Forget the census, Donald Trump conceded Thursday. The administration will get the citizenship information it wants by scouring existing federal records.
That, Trump said, will be the aim of an executive order he’ll issue in the wake of the U.S. Supreme Court putting the kibosh on his efforts to add a citizenship question to the 2020 census, the New York Times reports.
In a press conference in the Rose Garden of the White House, Trump defied expectations that he would try to add the citizenship question to the census via executive order, especially after tweeting a little over a week ago that reports his administration was giving up on the question were wrong.
Instead, Trump said he will send federal workers combing through federal records to find the citizenship information he wants and send it to the Census Bureau of the U.S. Commerce Department, which oversees the decennial count of every resident of the United States.
Per the Times:
[Trump] said he was issuing an executive order instructing federal departments and agencies to provide the Census Bureau with citizenship data immediately.
“We are not backing down on our effort to determine the citizenship status of the United States population,” Mr. Trump insisted.

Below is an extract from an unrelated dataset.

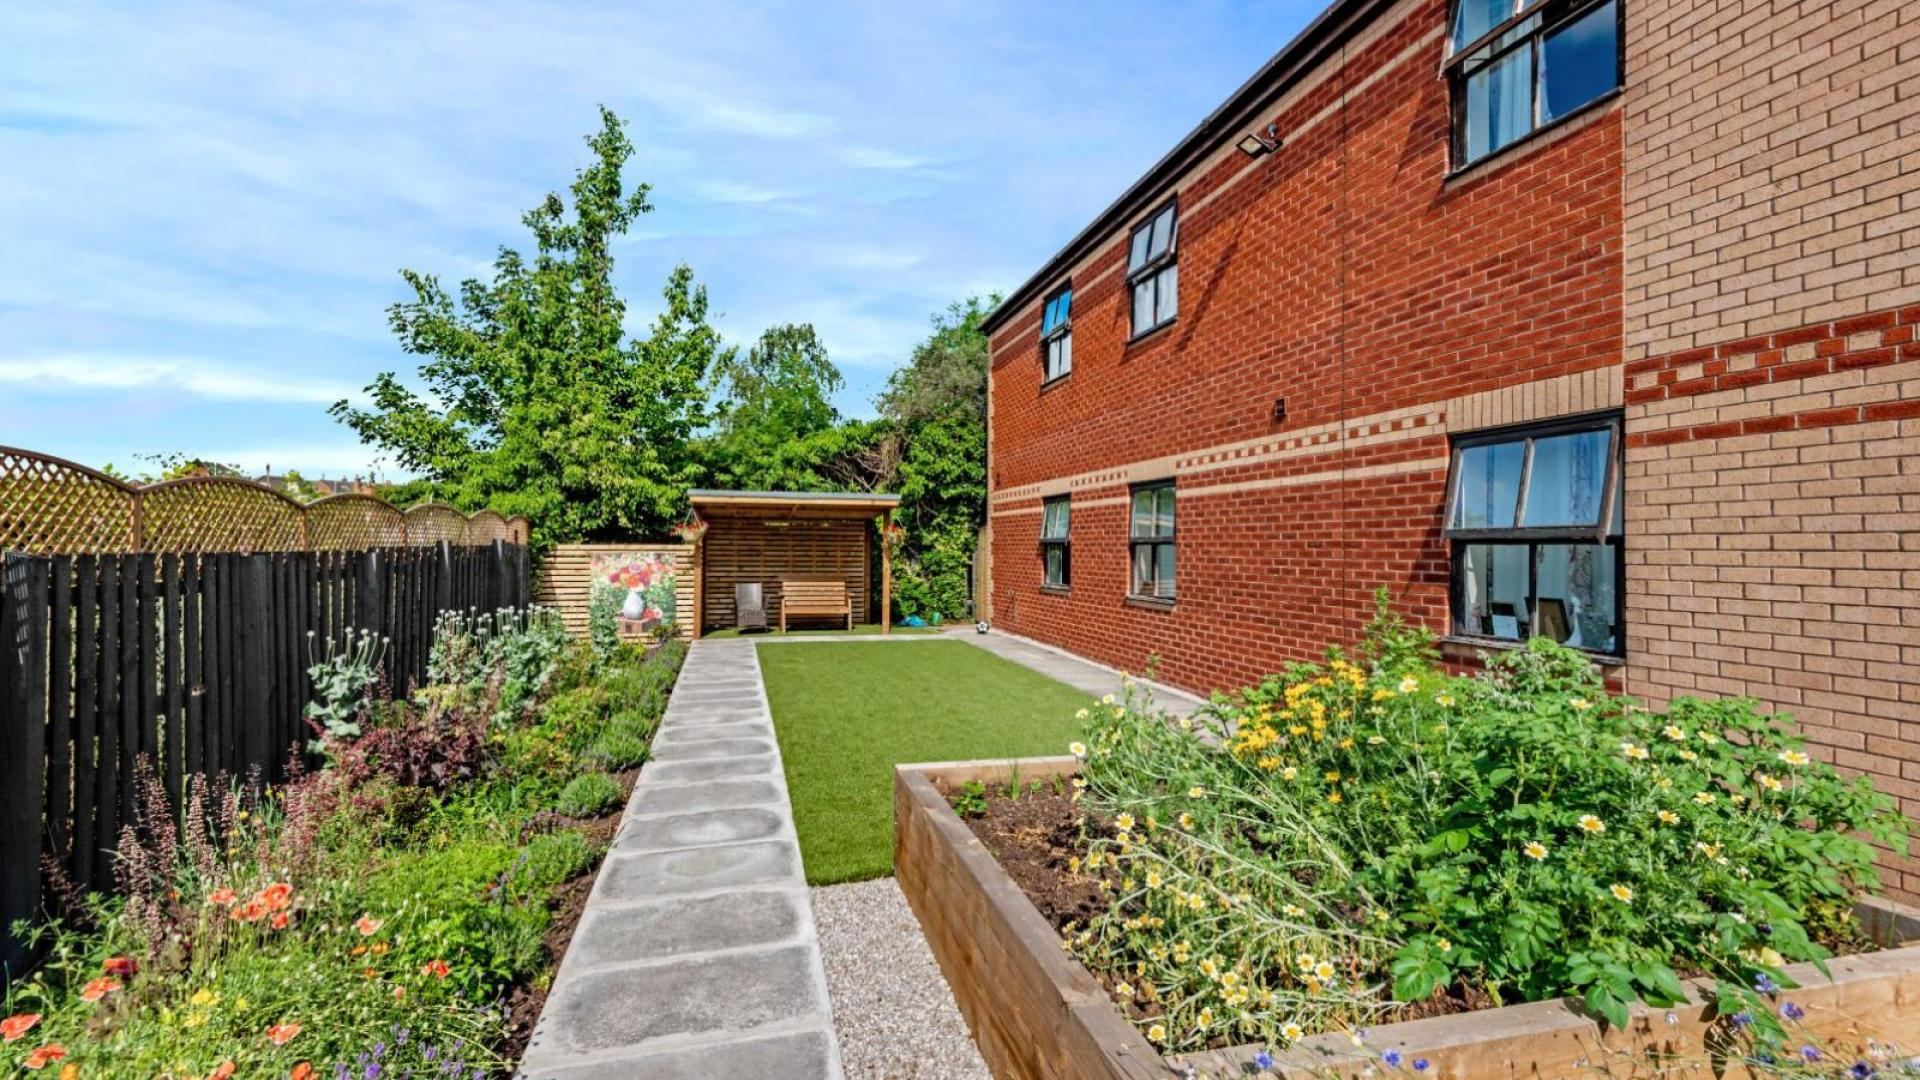 Garden area at Paisley Lodge Dementia Care Home in Leeds
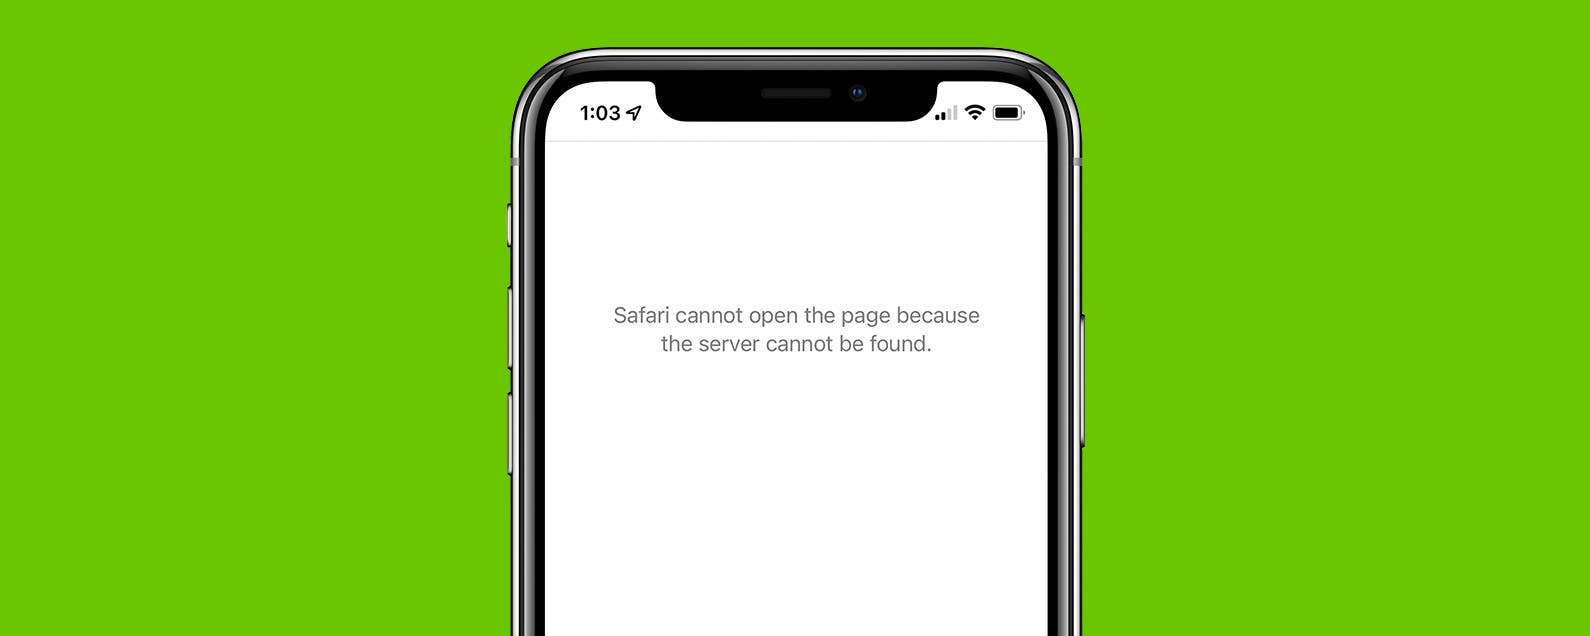 safari cannot open page because server not found

As the Times explains, the Supreme Court, in ruling against Trump’s desire to add a citizenship question to the census, found that the administration’s stated justification—protecting the voting rights of minorities—was “contrived.”
In his address Thursday, Trump did not provide additional justification for determining the citizenship status of all those living in the U.S., but, as Politico reports, promised: “We will leave no stone unturned.”
Of course, having the citizenship status of everyone in the U.S. collected in some kind of database, however Trump sees fit, is sure to trigger a whole new set of lawsuits.
As Politico explains:
The decision will, at least temporarily, turn down the temperature on a divisive issue that has pitted Trump against civil rights groups, states and cities, who warned that the question would decrease participation among immigrant communities, diminishing their political power and jeopardizing federal funding in mostly Democratic-leaning areas. The census results are used to determine the disbursement of federal aid as well as to draw congressional districts.
But Trump’s latest move might simply take the fight in another direction.
“It doesn’t matter what they do, I’m sure it will get litigated,” Senate Majority Whip John Thune (R-S.D.) said earlier on Thursday. “And that’s why I’ve said all along that I have no problem, that question on there is perfectly appropriate. They need to figure out a legal way to do it.”
And the concept of centralizing personal information into larger databases has proven controversial at times in the past.